Disclaimer
I am not an expert in IT security, and this is not a recommendation of any sort. These are my thoughts on the matter of authentication, security, and ensuring the safety of operations.
What are authentication factors?
Authentication is the process of asserting the identity of someone or something, while authentication factors are proofs that someone or something is who they claim they are.
The standard approach is to split them into three groups:
- “What you know” - such as passwords, PINs;
- “What you have” - such as physical keys, PKI, proximity cards;
- “What you are” - such as iris, fingerprints, voice, etc.
Some of the factors have been around for thousands of years and have mostly served us well. For example, a man comes to the gates and the guards recognise his face (“what you are”). He passes the gates and comes to a building. There, he uses his keys (“what you have”) and goes in. Finally, he unlocks a combination lock as he knows the code (“what you know”).
Reliability of authentication factors
Naturally, some factors can be faked. People may have twins, keys can be copied, and known information can be peeked at or obtained through rubber-hose cryptanalysis. Therefore, in the case of somewhat sensitive applications, you should rely on more than one factor. Two is usually enough, hence 2FA is so popular these days.

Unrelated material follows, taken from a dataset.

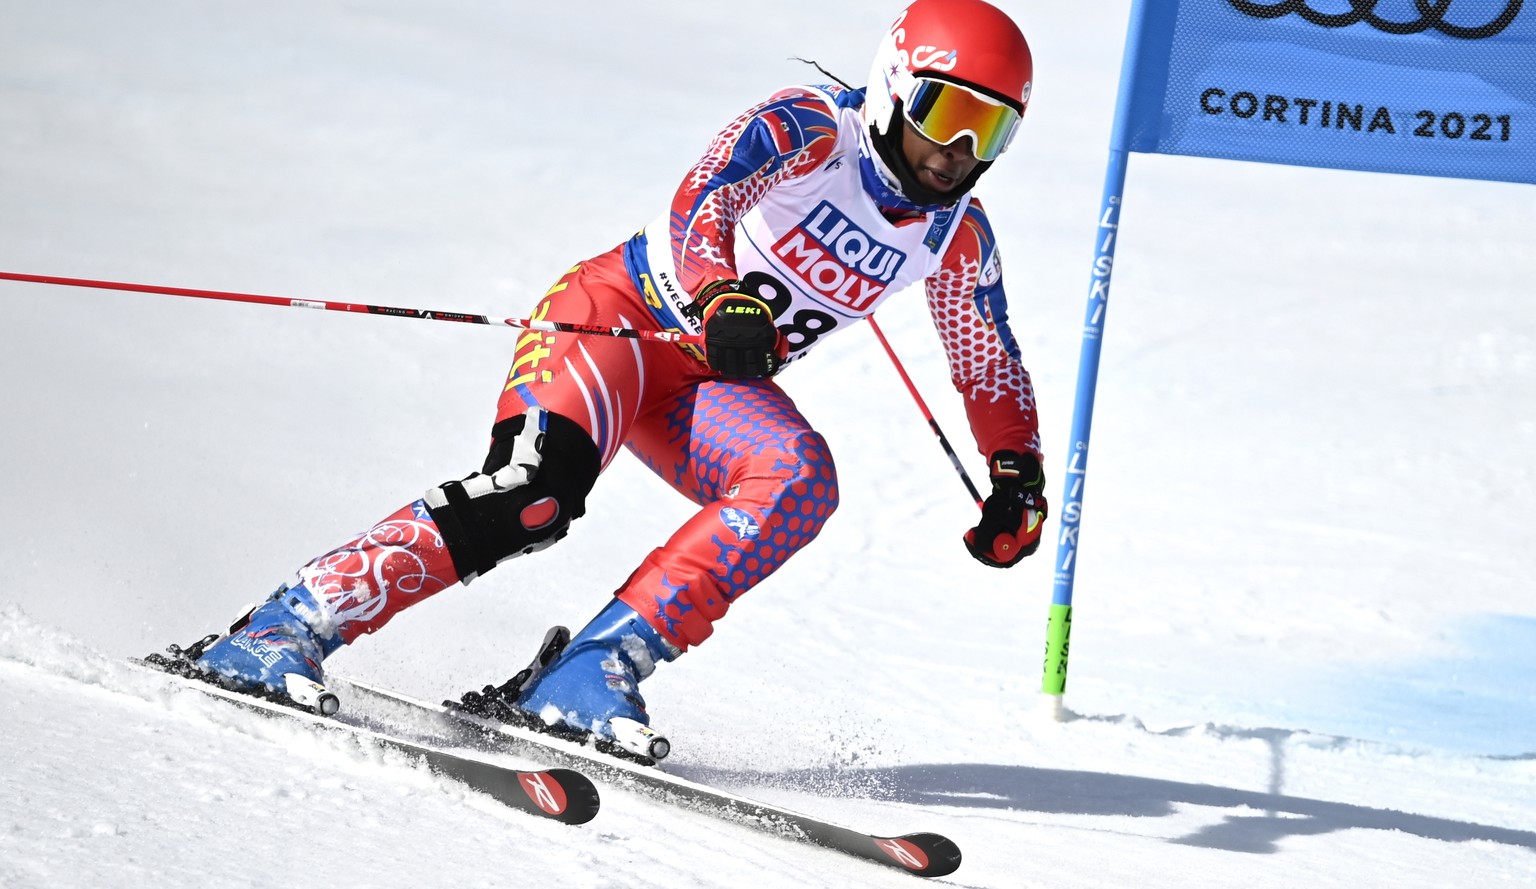 epa09020906 Celine Marti of Haiti cuts a gate during the 1st run of the Women&#039;s Giant Slalom race at the Alpine Skiing World Championships in Cortina d&#039;Ampezzo, Italy, 18 February 2021. EPA/ ...

Now let’s note that not all factors are made equal.
A plain proximity card would emit its code but that’s little more than saying “My name is Joe” in a room full of people. It is not difficult to record the relevant radio waves and create a duplicate of the card. A smart card asserting the identity via asymmetric cryptography is a much more reliable choice. Yes, you could argue that there may be a supply chain attack or a weakness in crypto, but realistically it is very hard to copy such a device. So the factor is more reliable. It is important whether a factor can be copied or not.
How do physical keys and fingerprints compare? Both are authentication factors and both can be copied. The difference is that in order to copy your keys, someone usually needs to get hold of them or at least make a photo of them. Fingerprints, however, can be copied trivially. You went to a cafe, had a coffee, and threw away the cup. Your adversary picks up the cup and makes a copy of your fingerprint. Job done, and you did not even notice. The ease of copying matters.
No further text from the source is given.